Ballot forms will shortly be available to members of the Labour Party to cast their votes in the annual internal election for who gets to sit on the party’s most powerful National Executive Committee.
As disillusioned left members daily announce their resignation from the Starmer-led party the right wing factions expect to win a majority of seats if not achieve a clean sweep.
The result will not be known until November 12 when voting ends. The result should be announced the following day.
Two of the current crop of candidates standing on behalf of the right wing Labour First also stood in 2017 but as independents.

Johanna Baxter and Gurinder Singh Josan claimed in 2017 that they were standing for “independence and diversity” because they are “independent minded” and will “not take instruction from any faction.”
An online newsletter called Vice discovered that the registration for the “Independent NEC reps website” was registered by Matthew Pound, the full-time organiser for Labour First and the admin email address was LabourFirst@gmail.com
This year Baxter and Josan are standing as Labour First candidates but is this yet another false flag to fool party members or the real real thing?

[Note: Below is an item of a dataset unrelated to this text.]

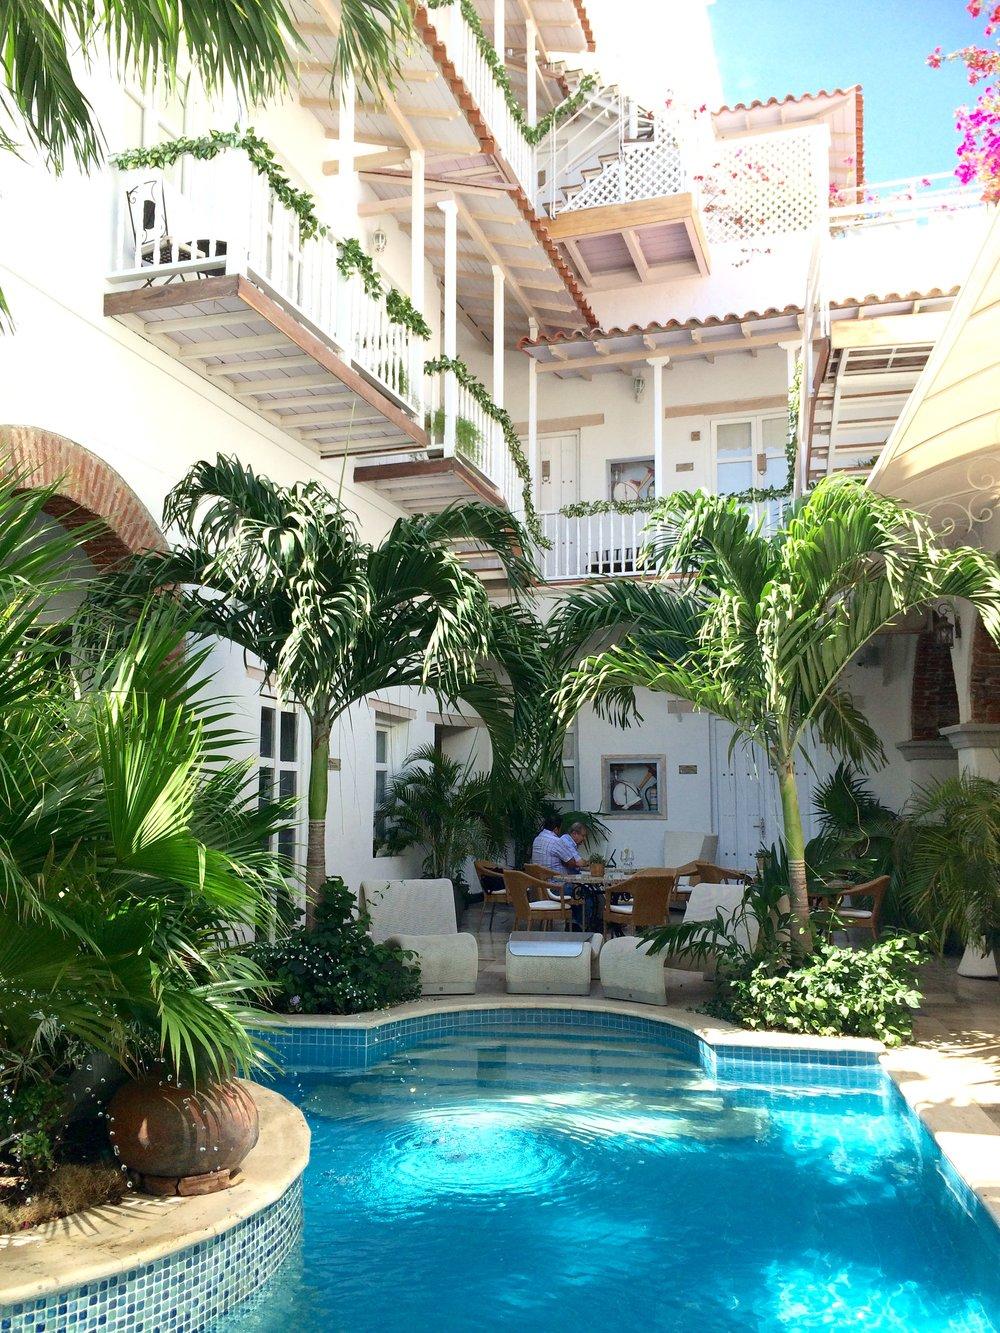 Georgia Ezra Interior designer Hotel Design Santa Marta Columbia Pool exterior.jpg

The NEC voting system has been changed from first past the post to single transferable vote allegedly to prevent factional ‘slates’ of candidates, though both right and left have published their slates!
But the changed voting system has encouraged more members to stand and 173 have put themselves forward for the tiny number of seats.

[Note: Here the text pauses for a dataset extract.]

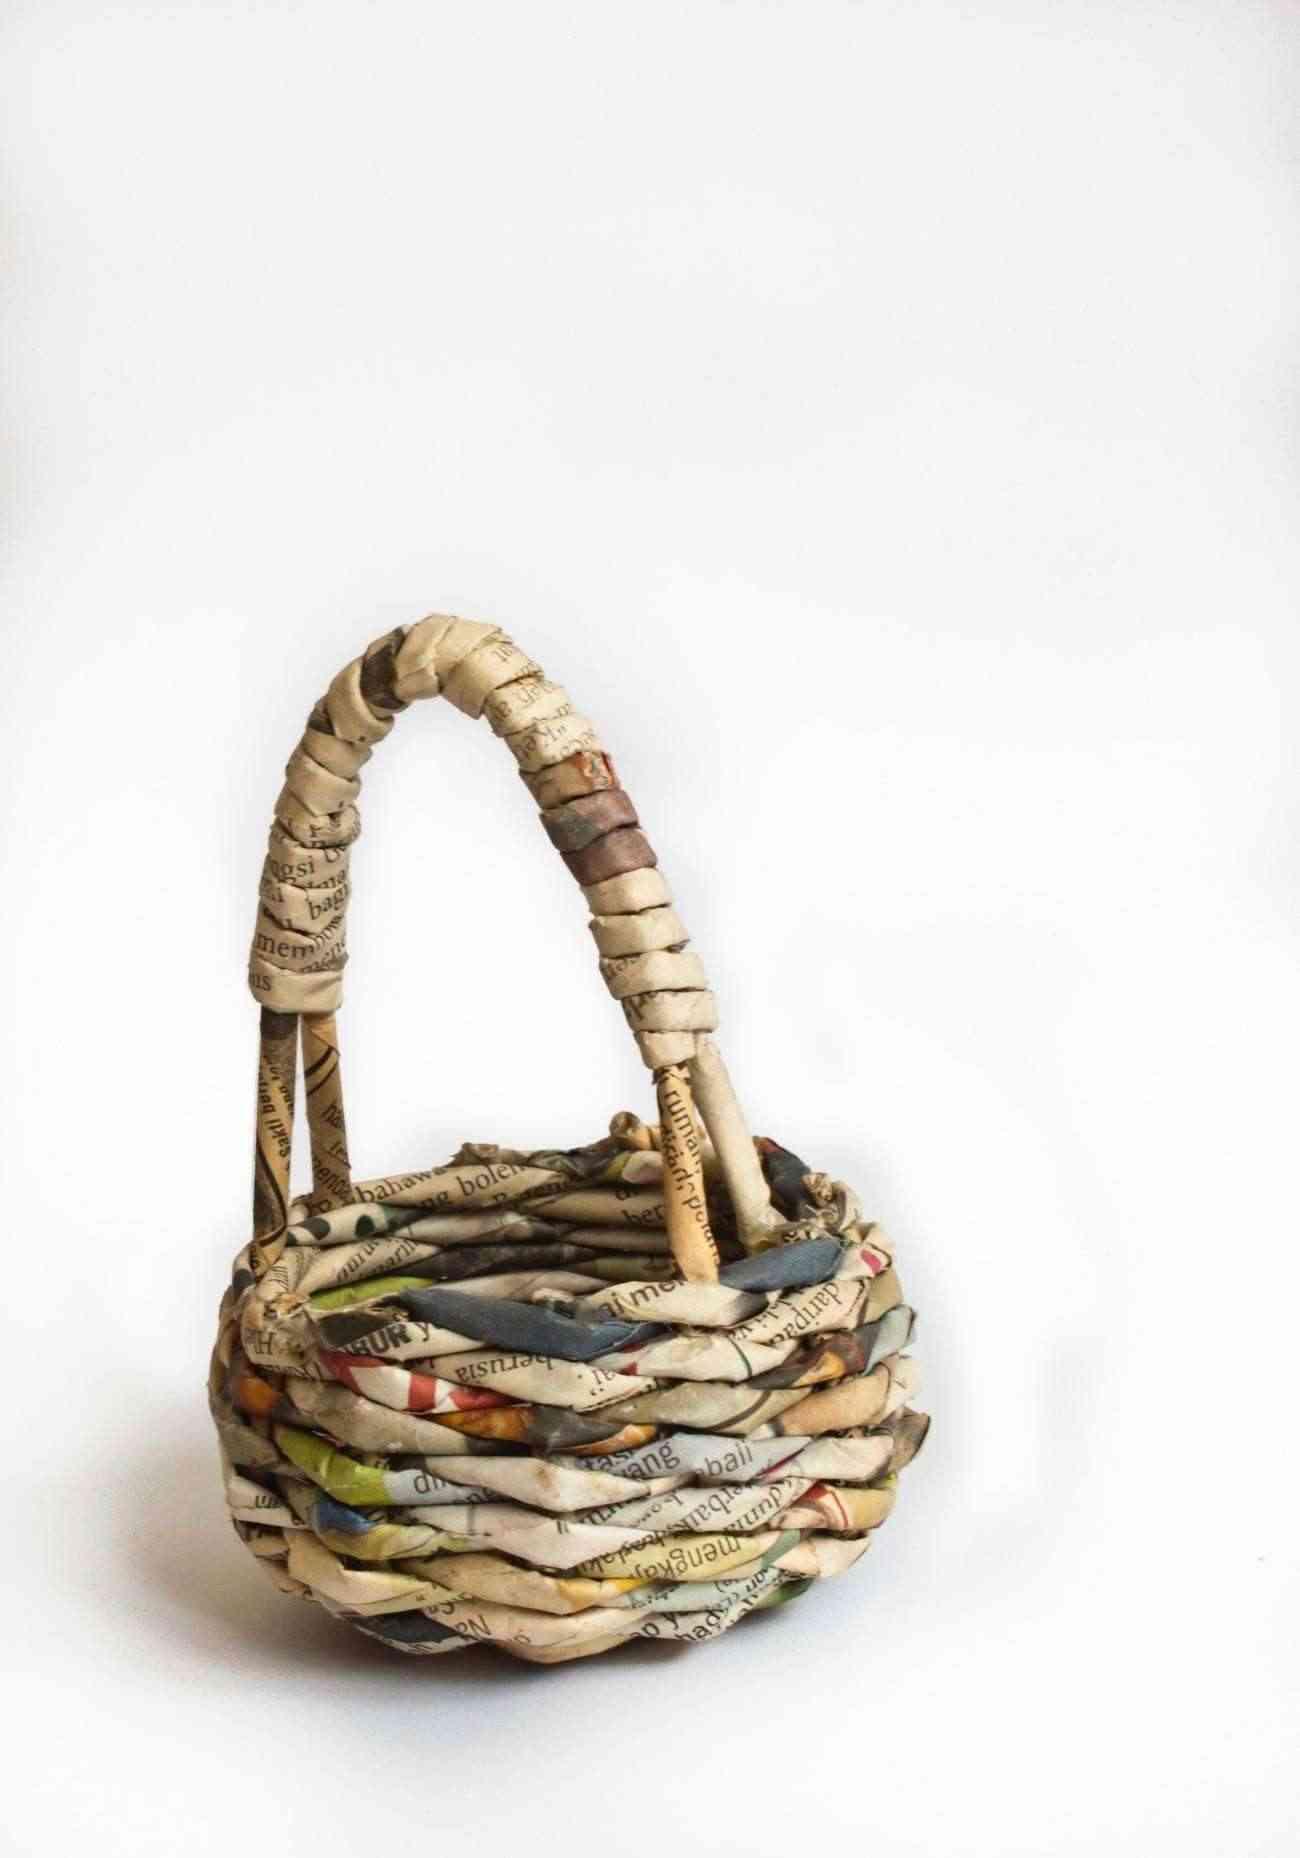 C mo hacer una cesta de papel reciclado paso a paso - Decorar cestas de mimbre paso a paso ...

Candidates are standing under the following headings: from right to left; Labour to Win (joint Labour First and Prospect) six candidates; Tribune group of MPs three (includes two overlaps with Labour to Win); Open Labour two; Centre-left Grassroots Alliance six ; Labour Left Alliance six (includes one overlap); Momentum two and 10 independents.
Factions have put up less than a full slate of nine in the belief this will benefit their candidates because of the new selective voting system which ranks candidates in order of preference. If their favoured candidate fails that candidate’s votes are transferred to the voters second favourite and so on until one candidate achieves a majority vote.